My next step was to see if any numerical information could be represented more readily by the mean. I decided to use SciPy’s kurtosis[8] function to determine the kurtosis of each numerical feature “against” age. I did this by using Pandas’ .loc[] function and a boolean vector to “drill into” each age’s results in the original data set and collect each features’ mean kurtosis result.

Mean kurtosis is for Age to Flight Distance is 0.46463908765658923 
Mean kurtosis is for Age to Arrival Delay in Minutes is 57.497011775273485 
Mean kurtosis is for Age to Departure Delay in Minutes is 60.27792424935889 
Mean kurtosis is for Age to Seat comfort is -0.9264799631092573 
Mean kurtosis is for Age to Departure/Arrival time convenient is 
1.0682720132972 
Mean kurtosis is for Age to Food and drink is -0.981984345197727 
Mean kurtosis is for Age to Gate location is -1.0640644807015396 
Mean kurtosis is for Age to Inflight wifi service is -1.1343370043533183 
Mean kurtosis is for Age to Inflight entertainment is -0.5423705731670951 
Mean kurtosis is for Age to Online support is -0.7348773008794438 
Mean kurtosis is for Age to Ease of Online booking is -0.9243988051003394 
Mean kurtosis is for Age to On-board service is -0.8170222061786446 
Mean kurtosis is for Age to Leg room service is -0.78592773890839 
Mean kurtosis is for Age to Baggage handling is -0.2806797979963458 
Mean kurtosis is for Age to Checkin service is -0.8150683517862631 
Mean kurtosis is for Age to Cleanliness is -0.26445226681445794 
Mean kurtosis is for Age to Online boarding is -0.9509849544502398

Each mean kurtosis was quite leptokurtic, except for the two types of delay.
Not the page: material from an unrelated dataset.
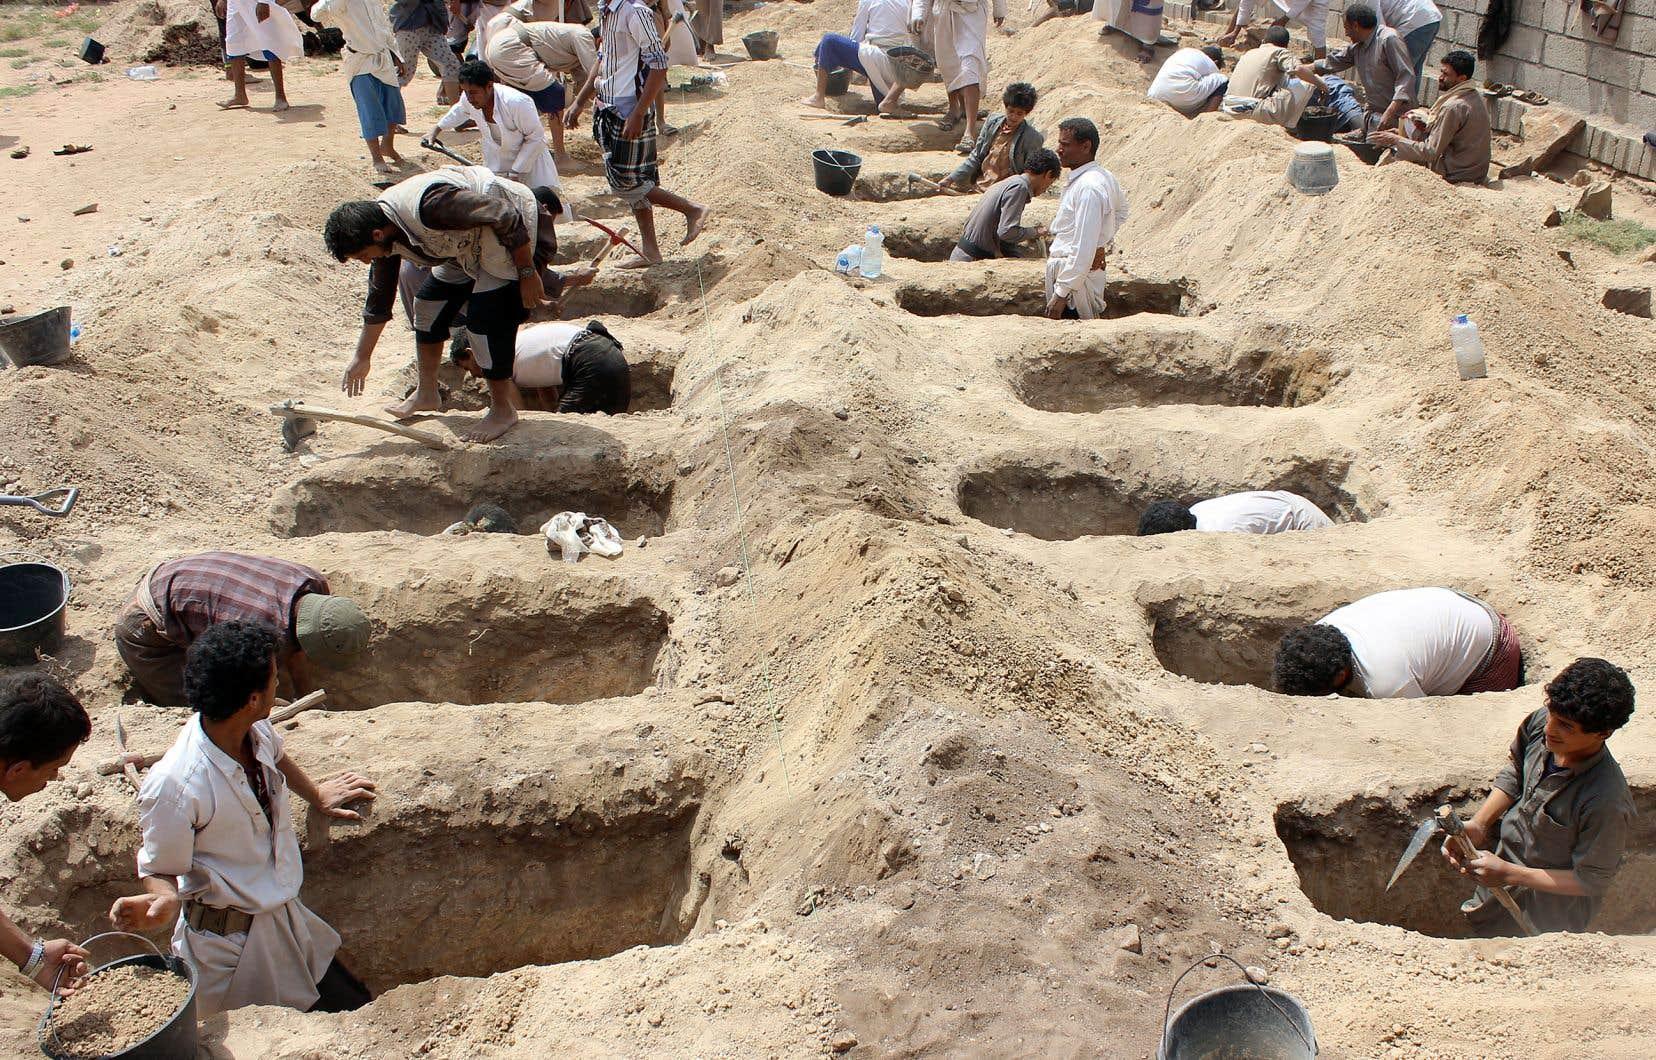 Des Yéménites creusent des tombes les unes à côté des autres en prévision de l'inhumation des enfants tués.

For this reason, I chose those two to be represented by the mean in each “setting”. I did not use the mean for the others.

With this in mind, I ran the model 24 times with each combination of categorical data, looping through age from 7-85 and flight distance from 1-7000 in intervals of 100. This generated an array matrix that could be interpreted as accurate predictions.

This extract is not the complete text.